Inder wrote:dave202 wrote:I had the most tumultuous attendance at that gig and would love to hear it again. Mind you, that was the most sane part of it.
Story time!
I’d bought two tickets for the gig ages in advance and was planning to take my step son with me. However, as we looked into getting from Dundee to Glasgow in time, he couldn’t make it. Getting back was going to be a problem too, as the last train from Glasgow stopped at Perth. I booked a plush taxi from a firm in the Yellow Pages the night before and everything was looking good. Then I looked for my ticket.
“Where’s the envelope with my ticket?” I asked my wife. “It must be there,” she replied before adding, “I didn’t throw it out.” What she really meant was she had. I turned the house upside down, shook it every which way and still no ticket dropped out. About the only words said after that were when I phoned to cancel the taxi.
She used to give me lift and drop me off at my work, and the following morning the journey was in silence. I sat in my departmental base really pissed off when the phone rang. She’d found that you could still book a ticket and pick it up at Barrowlands. I told her to do it, which she did and then called back with the arrangements. I phoned the taxi firm and the words were along the lines of… you know the taxi I booked last night and then cancelled a few hours later? Is it still available?

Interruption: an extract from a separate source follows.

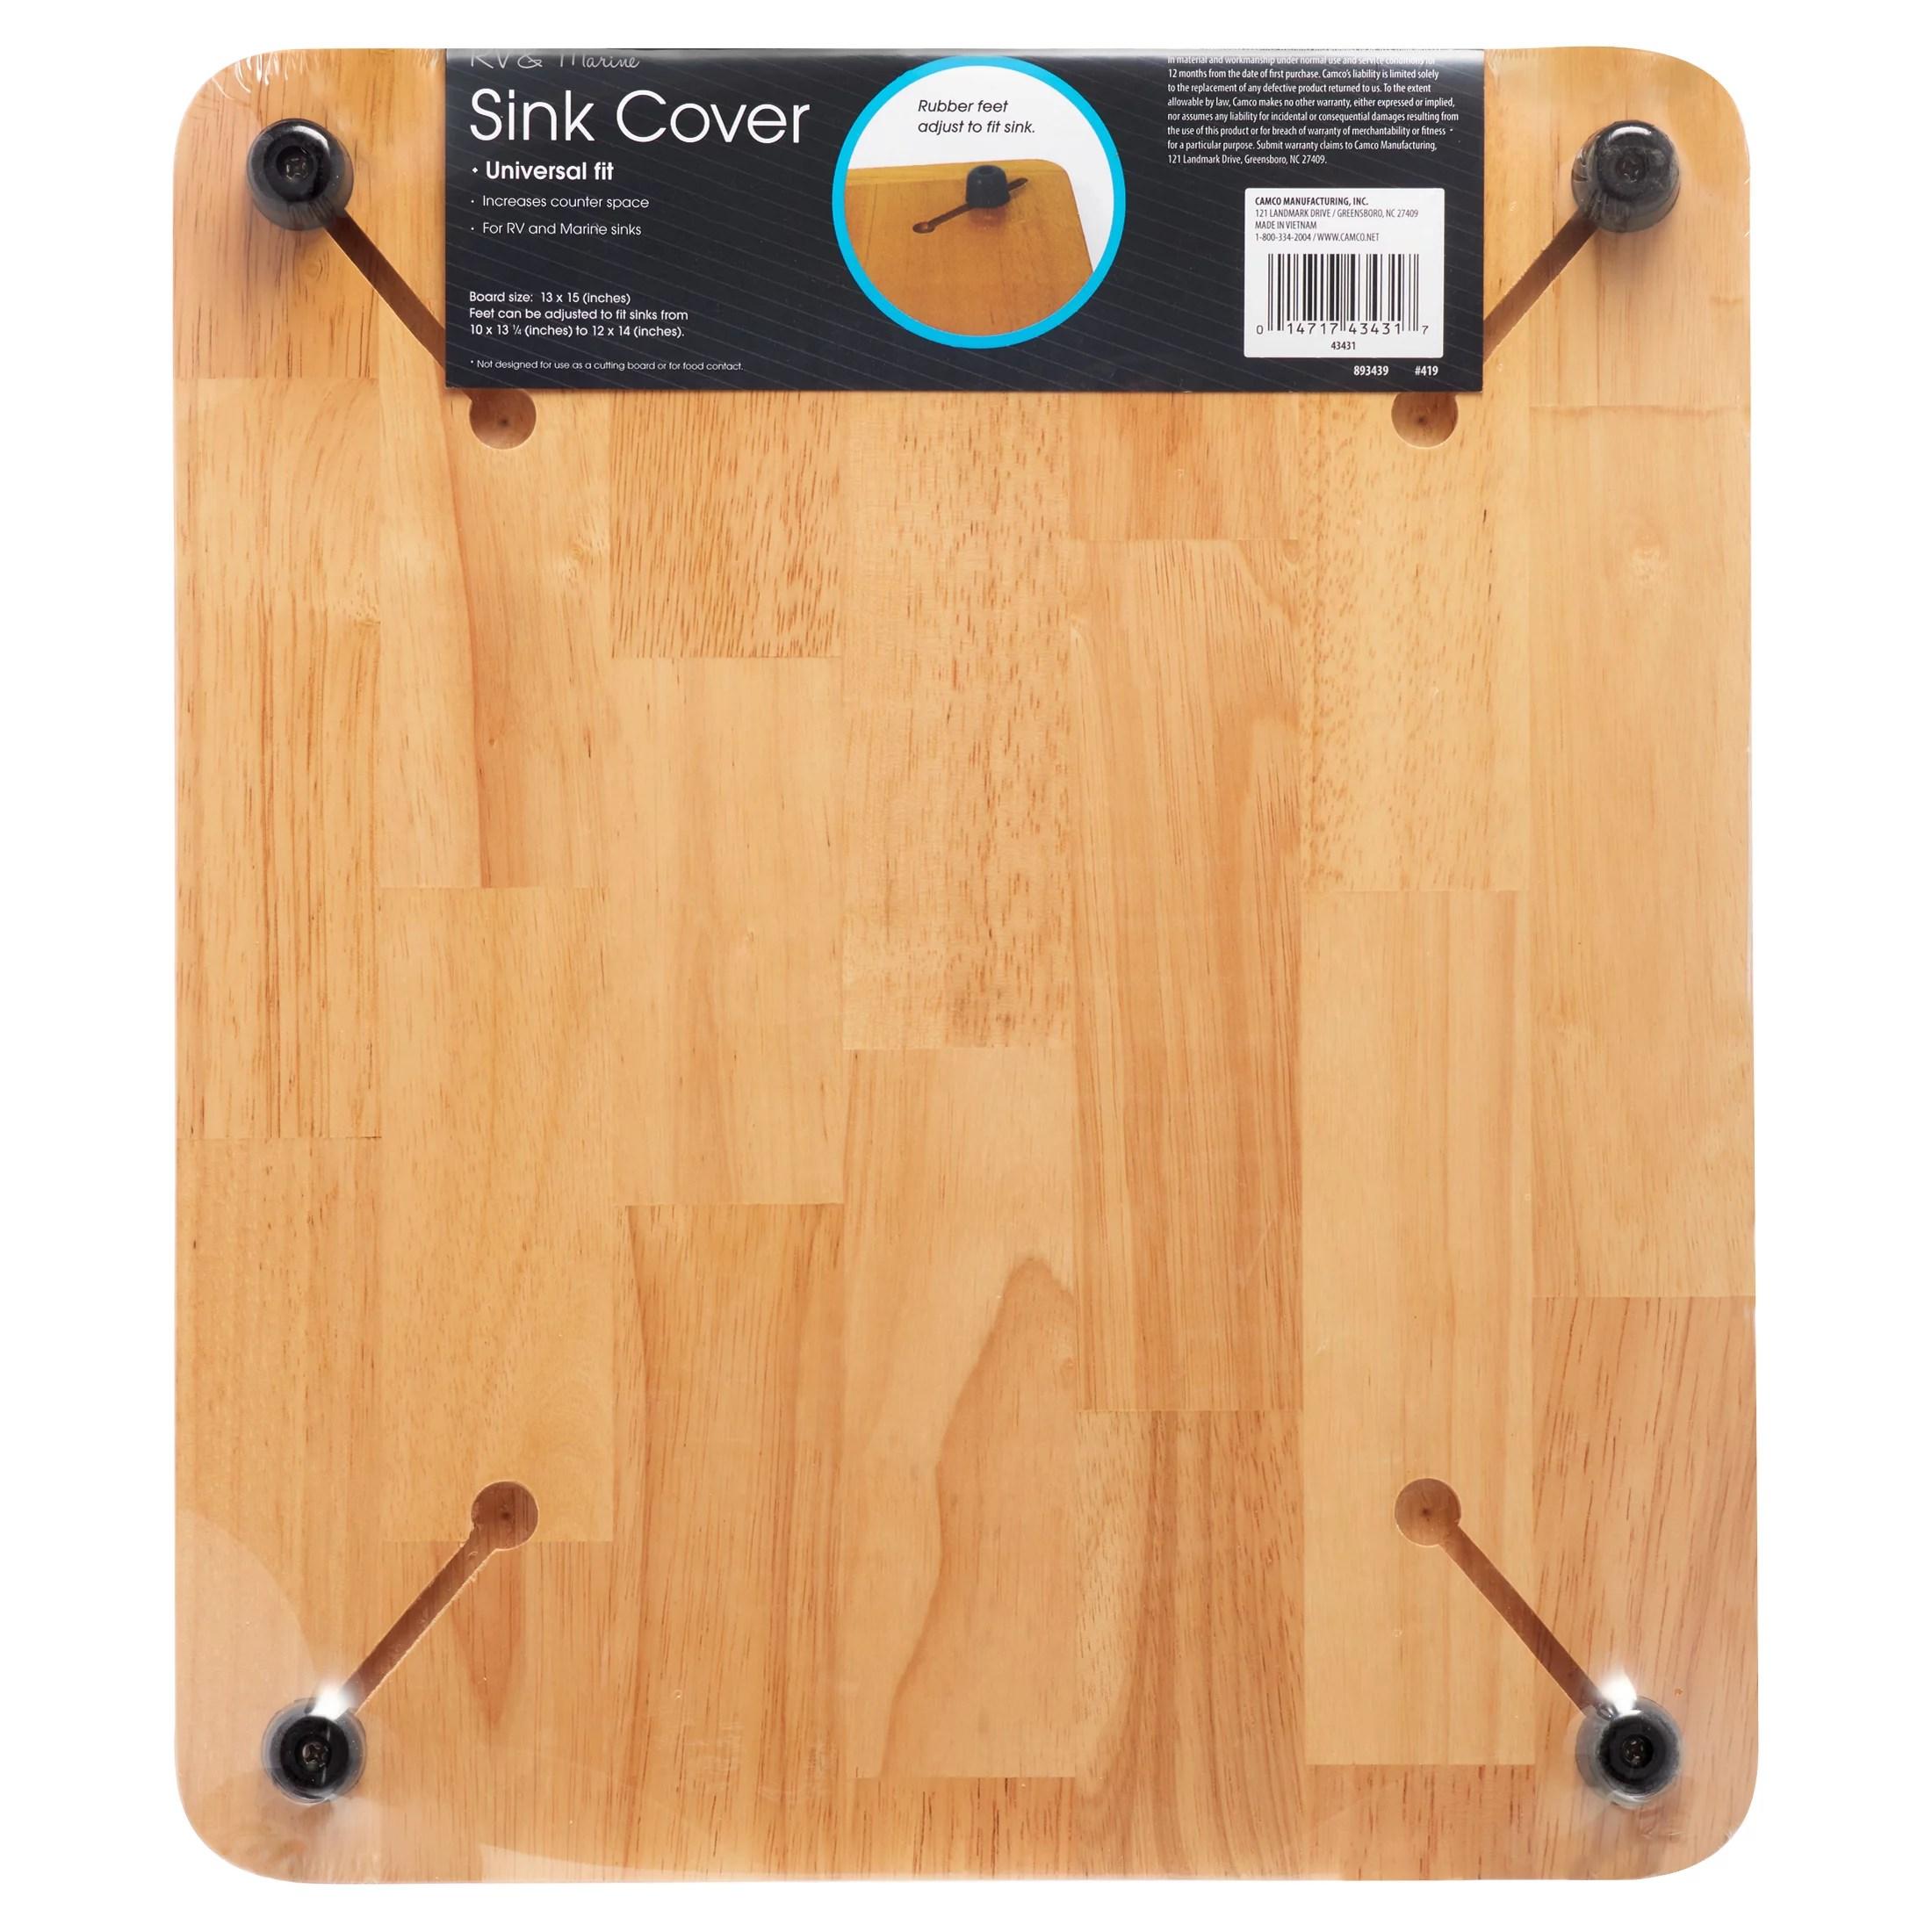 oak accents sink cover 13in x 15in

The train to Glasgow was packed. Not so much standing room only as squeezing room only. One doddery old wifie had a cat in a basket taking up a seat and wouldn’t move it. Not that it would have done much good, but in my mood…
I went to a pub in Glasgow which was alright I thought. What was unusual was a bloke standing at the bar, beside the sink for washing glasses – he looked down and out, homeless at a guess, and the appearance would have had him refused more often than not. In front of him he had two pint glasses, one lager and the other murky. As the bar staff collected empties and put them on the bar beside him, he tipped the dregs into one or other of the glasses. Lager went in the obvious one, but I saw Guinness, Heavy and two for the price of one alcopops going into the other. Nobody batted an eyelid.

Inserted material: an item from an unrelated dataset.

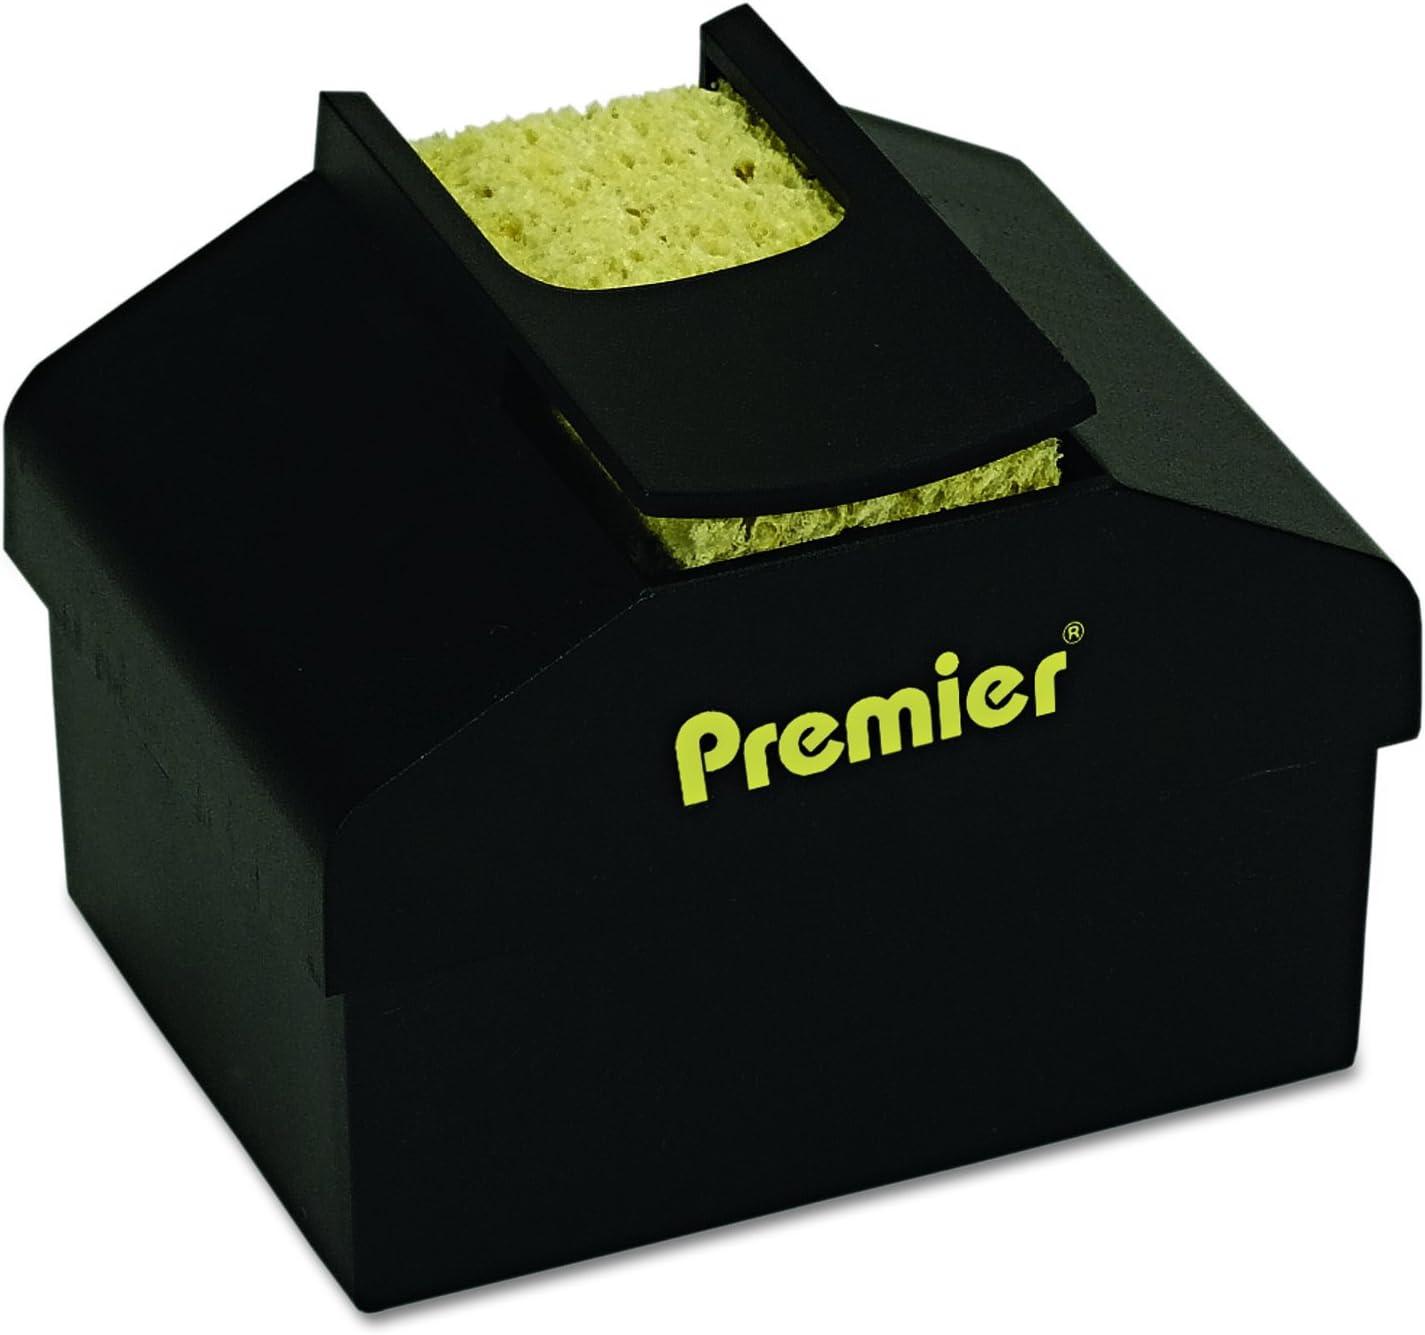 Martin Yale Premier AquaPad Envelope Black Moistener 2021 autumn and Very popular winter new PRELM3

I made my way to the Barras, got my ticket, and saw the crowd was made up 50% of blokes my age, and the rest seemed to be their kids. It had been 11 years since seeing the Rock Against The Rich gig there, and about 15 since Clash II. I was in my element, yet loads of punters seemed to be complaining that Joe was playing the soundtrack to my life. Somebody muttered that he’d probably play ‘Keys To Your Heart’ next, and I crossed my fingers.
After ‘Bankrobber’ had closed the set I had to dash to make that last train. With seconds to spare, I jumped on and found a seat. The train didn’t move. Within a few minutes my carriage was full of kids coming from seeing Ocean Colour Scene at the SECC, and then came the announcement that the train had been delayed as they didn’t have a driver. Cue hundreds of kids screaming, “I want to be a train driver.” As if these silly tossers with their daft hats and sunglasses on weren’t bad enough, I had an insurance salesman from Stirling sitting next to me. When he asked what I did I should have said “time” or made something up, instead of which I said I taught maths and then had the rest of our enforced time together hearing how he was useless at maths at school, teachers never taught you properly, he was brilliant at it now,…
Eventually they found a driver and the train moved off. We hit Perth eventually about half an hour late, and three taxis were at the station. I asked if any were from the company I’d booked, and the answer was resounding “No”. The bastards hadn’t turned up. I couldn’t find a phone book to get their number and was stuck in a freezing train station at half one in the morning, twenty odd miles from home. I tried the phone to call my wife and it was out of order. I almost cried.
At that moment the first of the taxis which had been there returned. The driver said that he thought I might be stranded and had come back on the off chance. I told him how much I’d been quoted for the ride to Dundee and he said he’s do it for the same price. Brilliant! As we approached the outskirts he warned me that he only knew three roads in the city – the Kingsway, Old Glamis Road which comes off of it, and Clepington Road which it connects with. The only three roads he needed to know as the led almost to my door.
That was the gig for me. Losing ticket, getting ticket, booking taxi, cancelling taxi, rebooking and getting stranded, customer from another world and a driverless train. Oh, and a concert full of great music.
“Did you enjoy yourself?” she asked when I got in. We got divorced later, but that wasn't the reason.